As Binance is recovering from regulatory backlashes, the management of the exchange have started making moves to comply with the regulations of each local jurisdiction.
On this note, Binance announced to have “discontinued” some of its product offerings that relate to Korea. Thus, Korean users would no longer be able to use the Korean Won (KRW) in making transactions or any crypto-related activities.
In lieu of this, the exchange announced that the Korean language support on its website would no longer be available. Therefore, Korean natives who don’t understand English would not be able to interact with Binance website.
In terms of funding or withdrawing from their wallets, the Korean Won payment options would cease to be available as it would be disabled from the backend.
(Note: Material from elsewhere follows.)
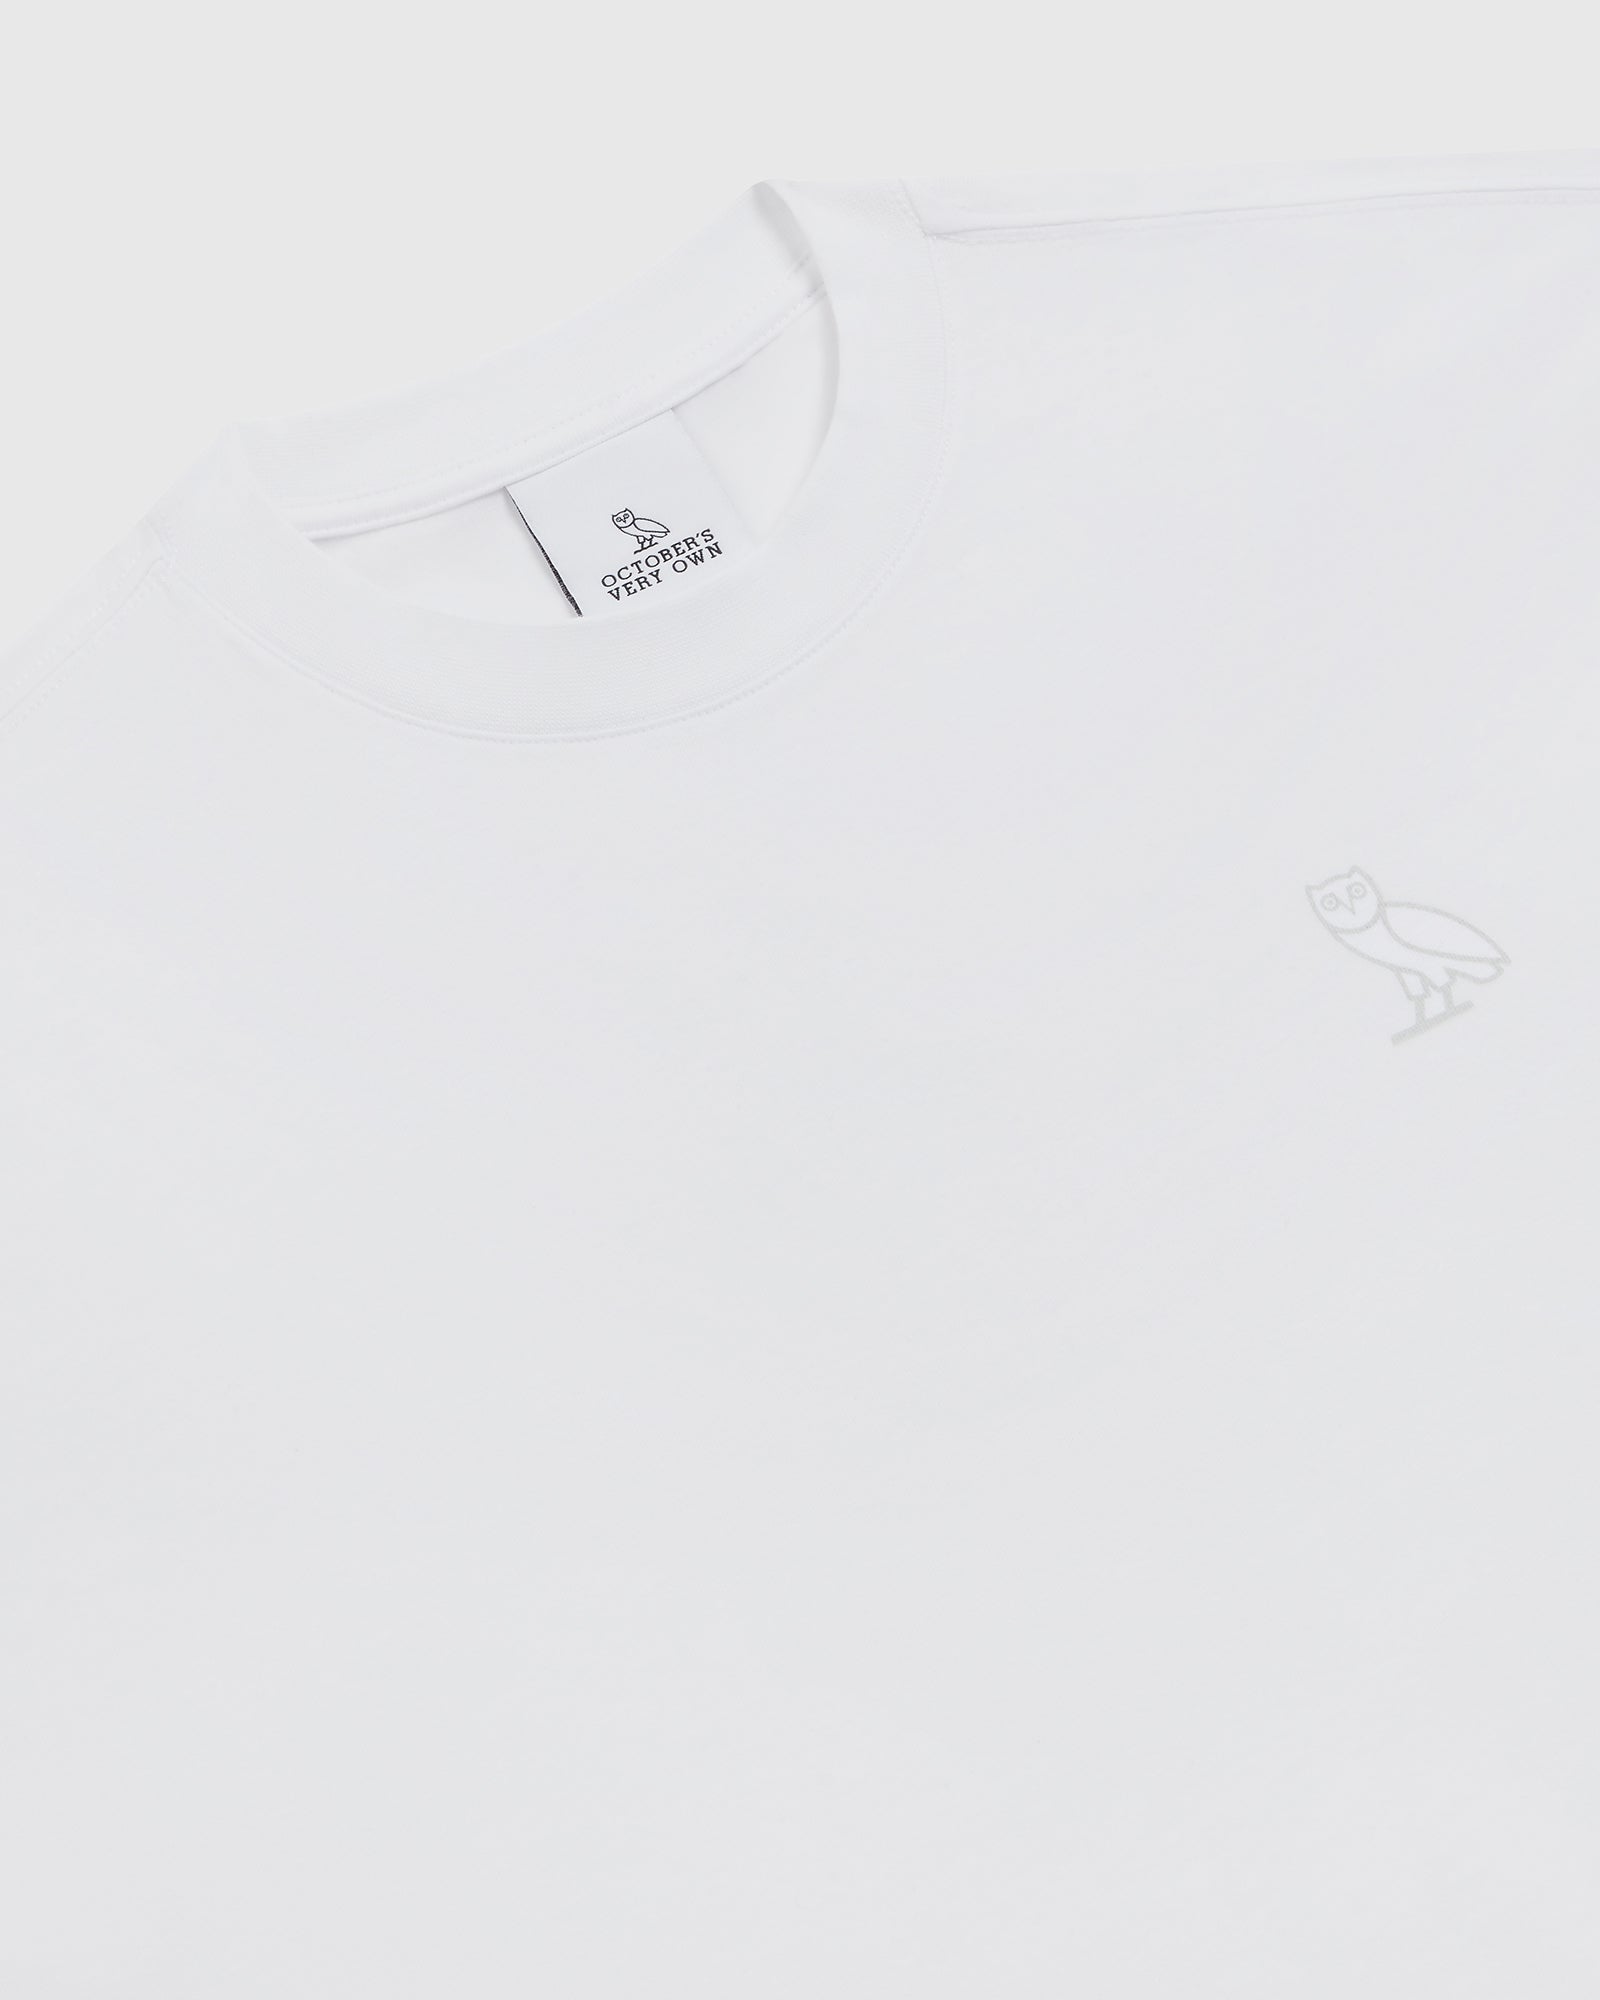 Relaxed Fit T-Shirt - White

Furthermore, P2P trades cannot be done in KRW too. Therefore, Binance advised Korean users to wrap up all trades to avoid any potential dispute.
In one word, Binance is restricting most of its products from Korea. On the other hand, some other exchanges are also taking this step while others have totally closed down their product offerings in Korea.
What could have caused this? Recall that the Korean government has updated its regulations demanding foreign exchanges to meet new requirements before September 24 this year; or else, they would be banned.
From this, it could be gleaned that Binance is keen on its goal to comply with regulations. Even more recently, the exchange has also restricted its derivatives from Hong-Kong users.
While this might seem like the exodus of foreign exchanges from Korea, analysts and some users are expectant concerning the eventual outcome of this.